Exercise goal ▸
Go to the line with "The man and" in the material below and copy from there through the line with "Closeup of a", exactly. Pictures are not copied.

═══ Extracted information ═══

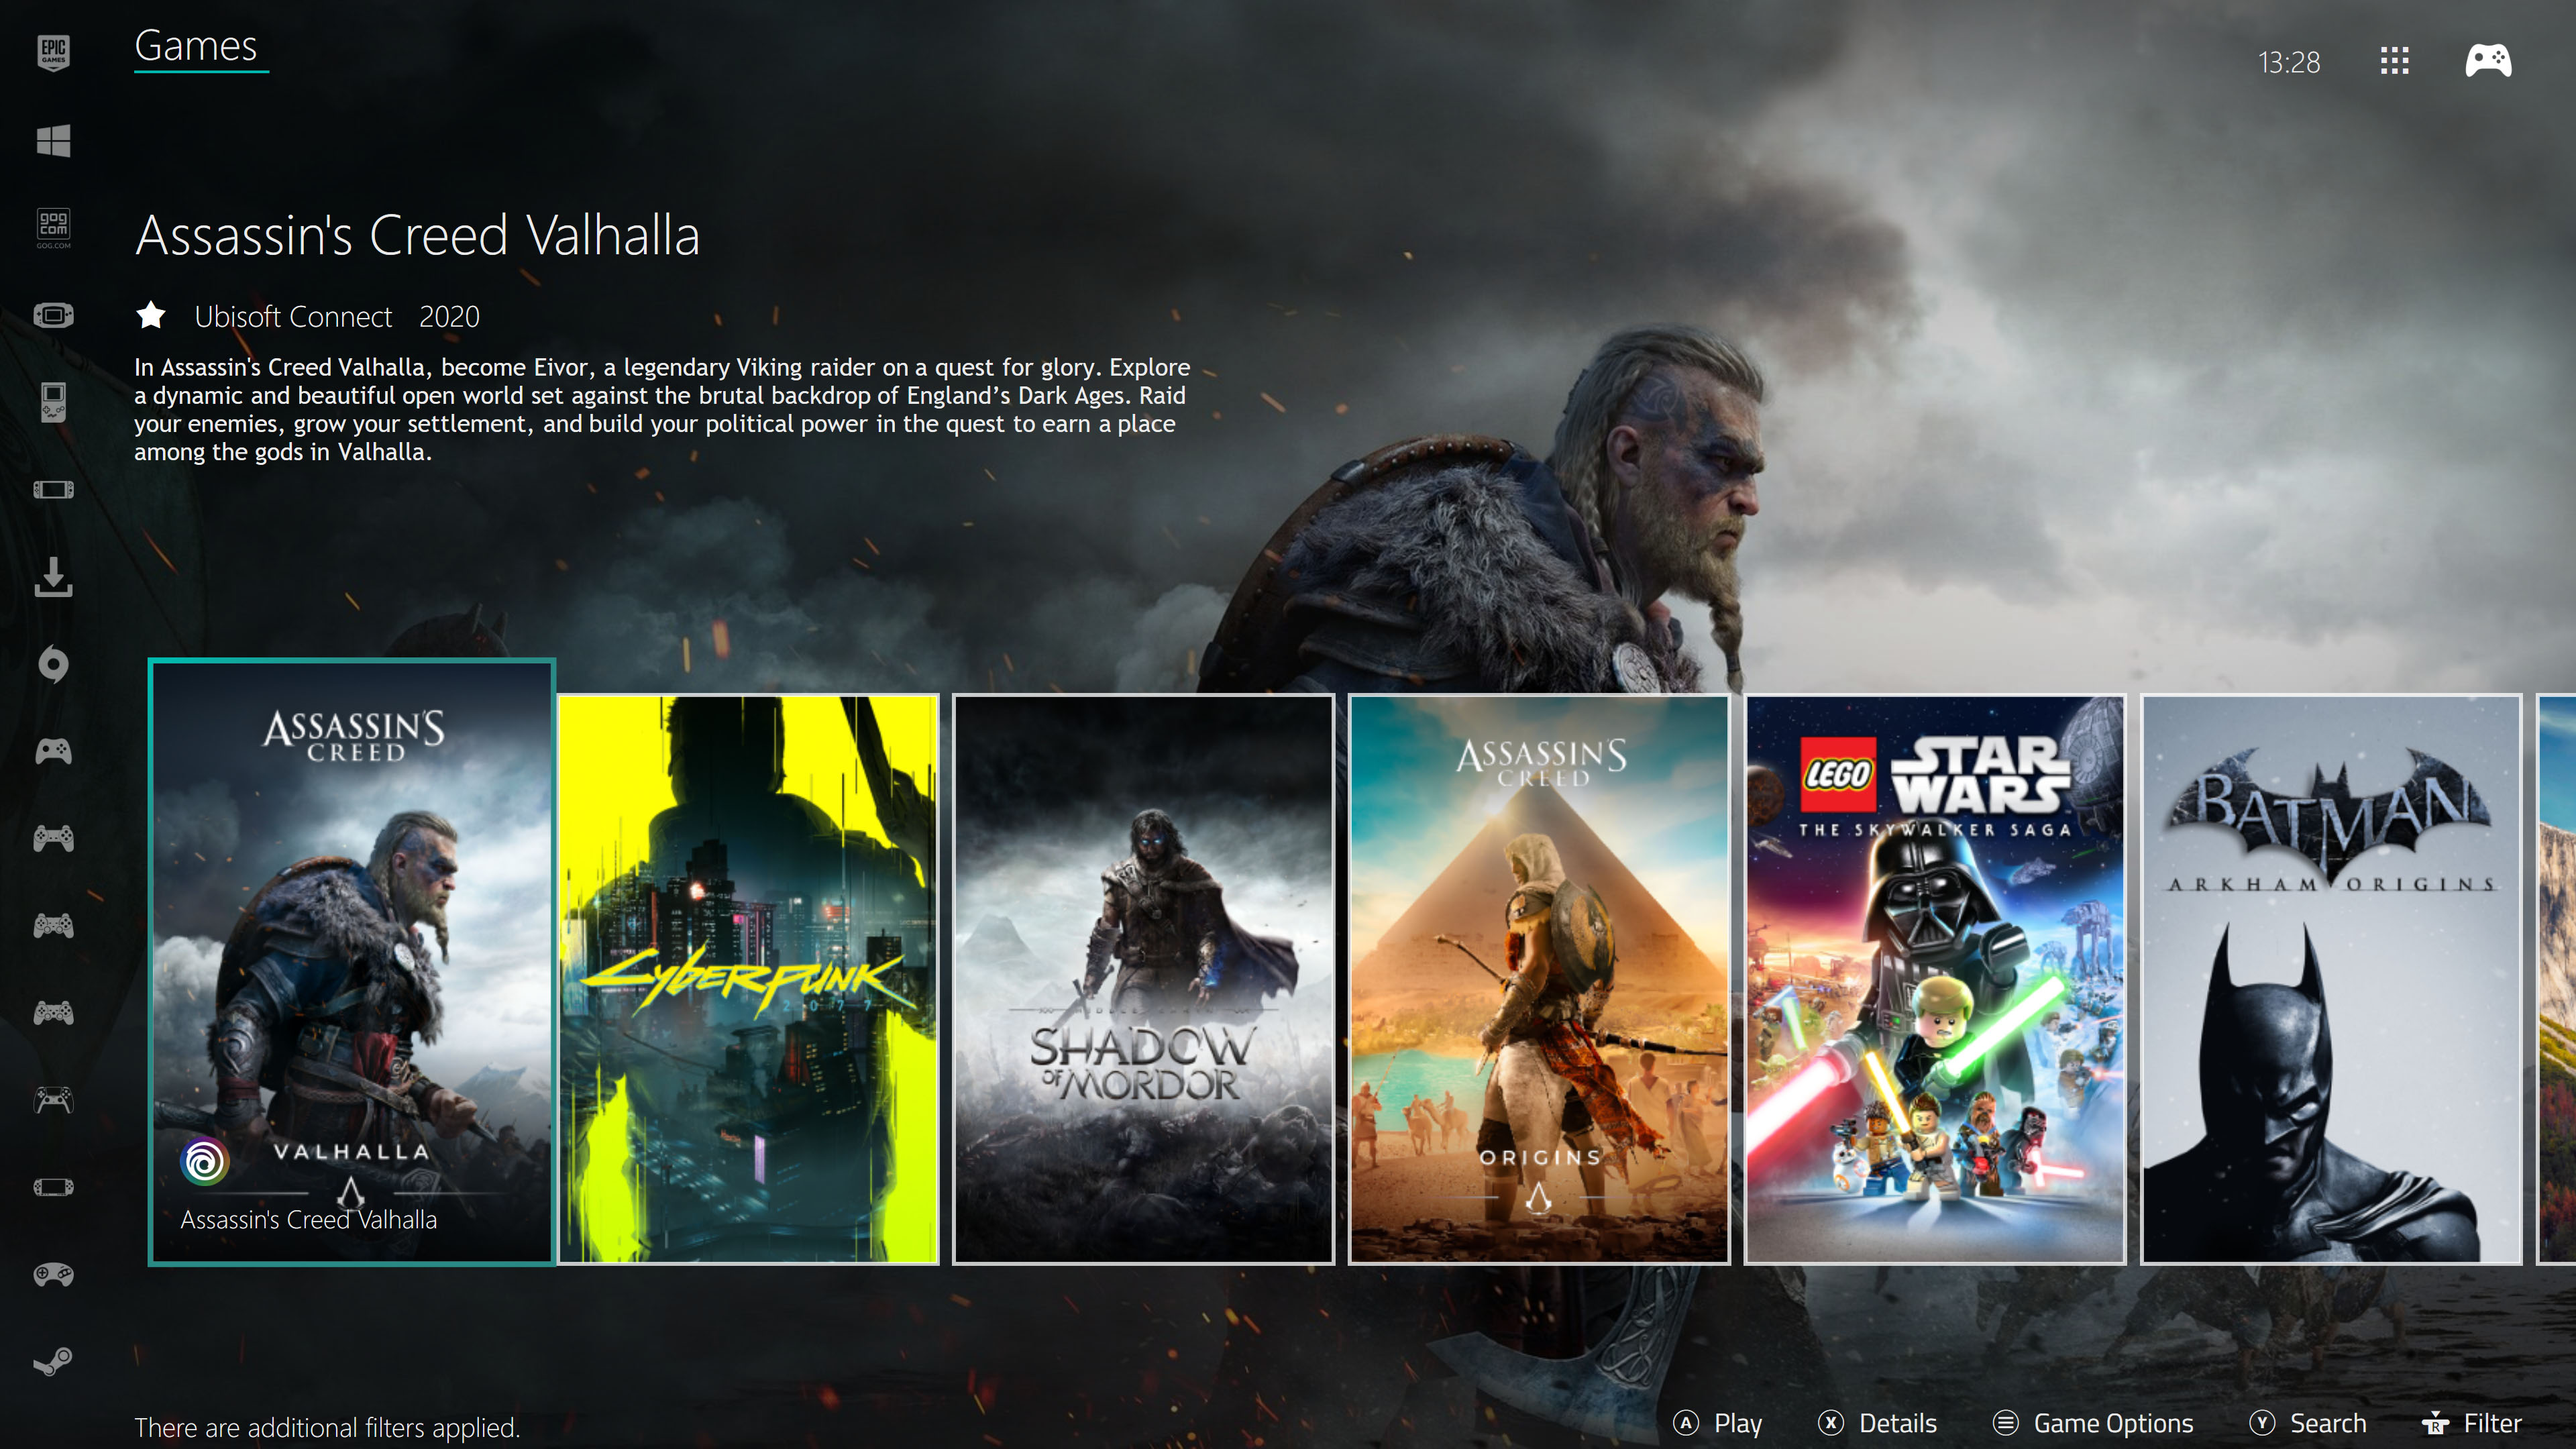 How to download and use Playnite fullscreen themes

═══
═══ Extracted information ═══

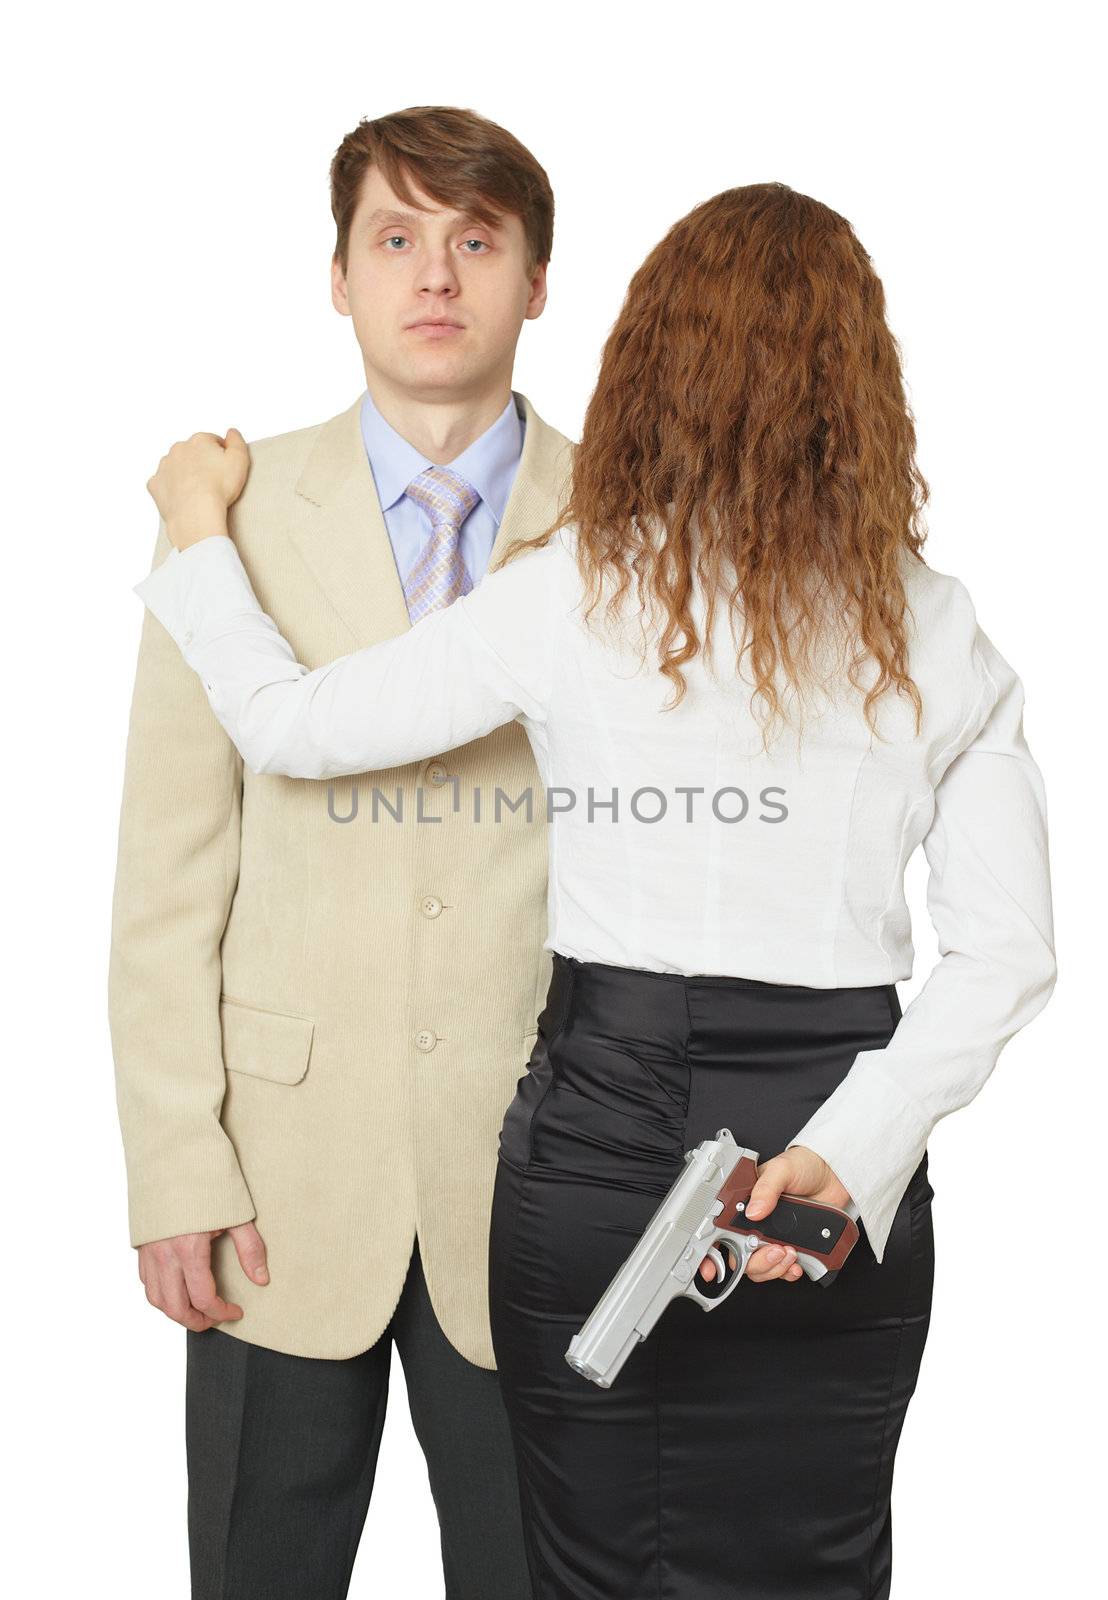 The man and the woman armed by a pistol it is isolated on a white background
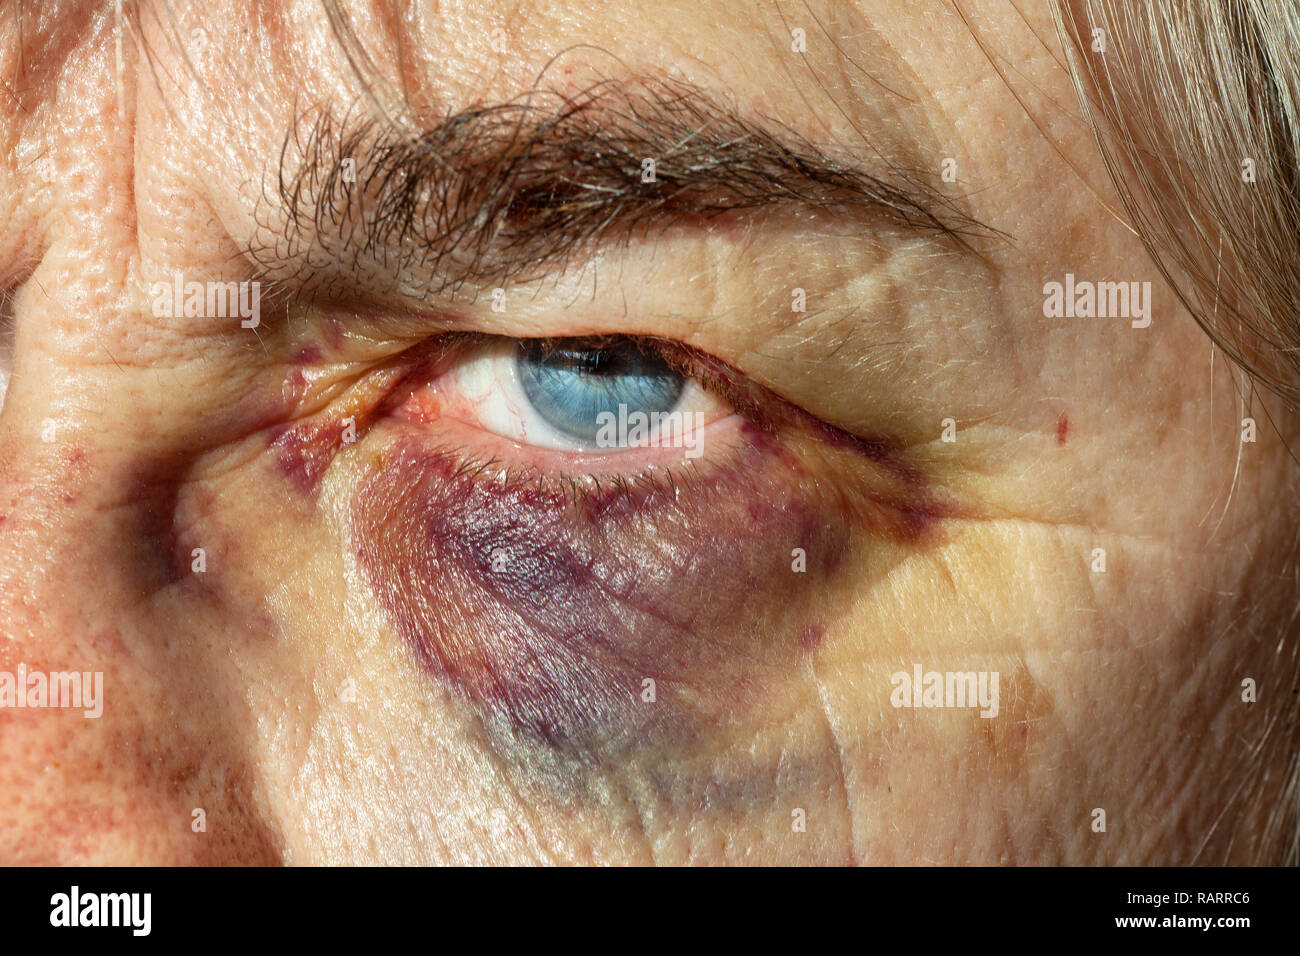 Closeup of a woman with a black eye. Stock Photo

═══
═══ Extracted information ═══

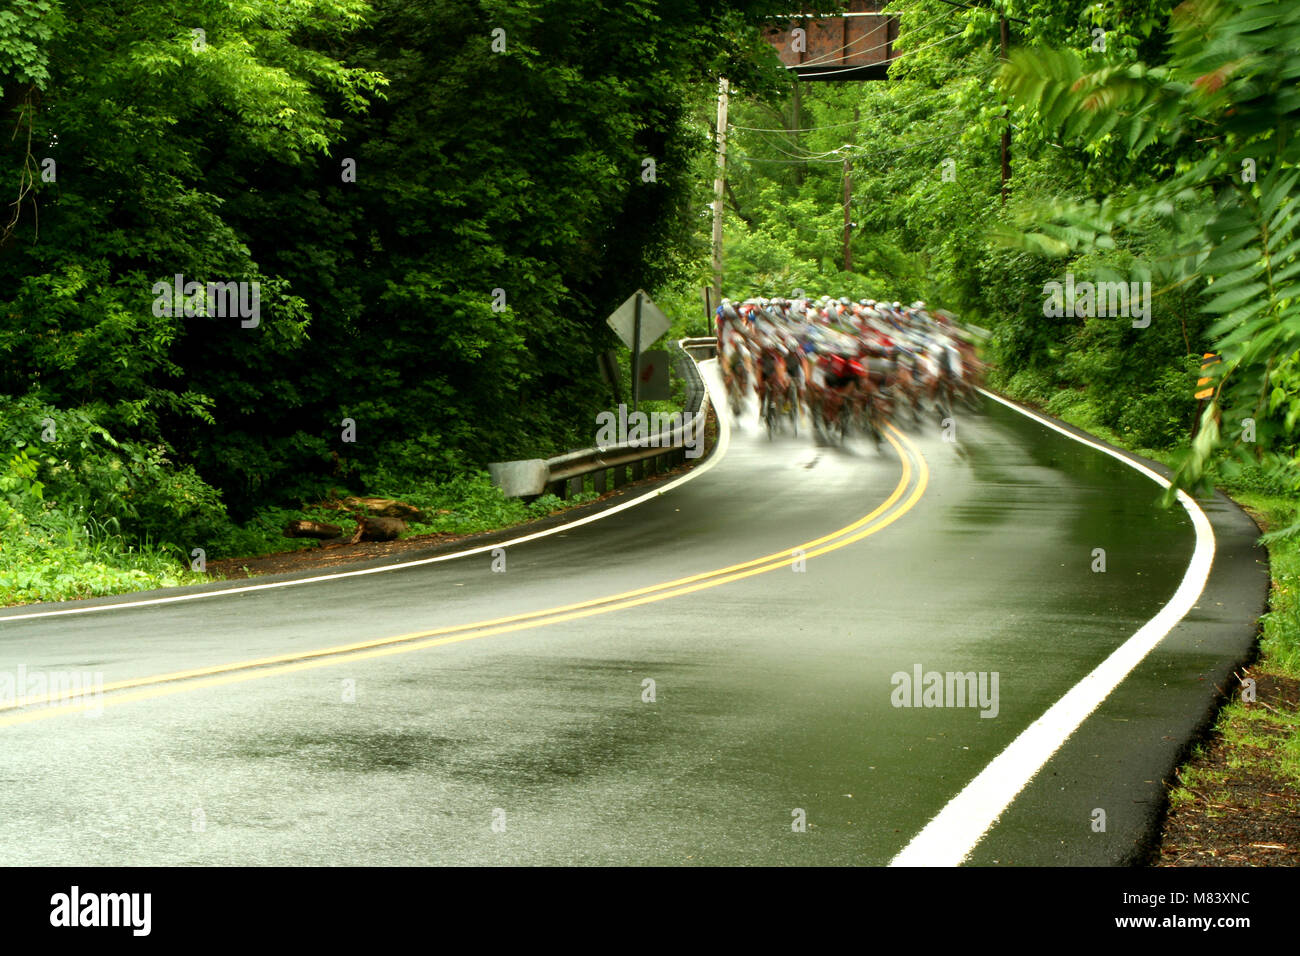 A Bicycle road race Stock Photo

═══

Written reply ▸
 The man and the woman armed by a pistol it is isolated on a white background
 Closeup of a woman with a black eye. Stock Photo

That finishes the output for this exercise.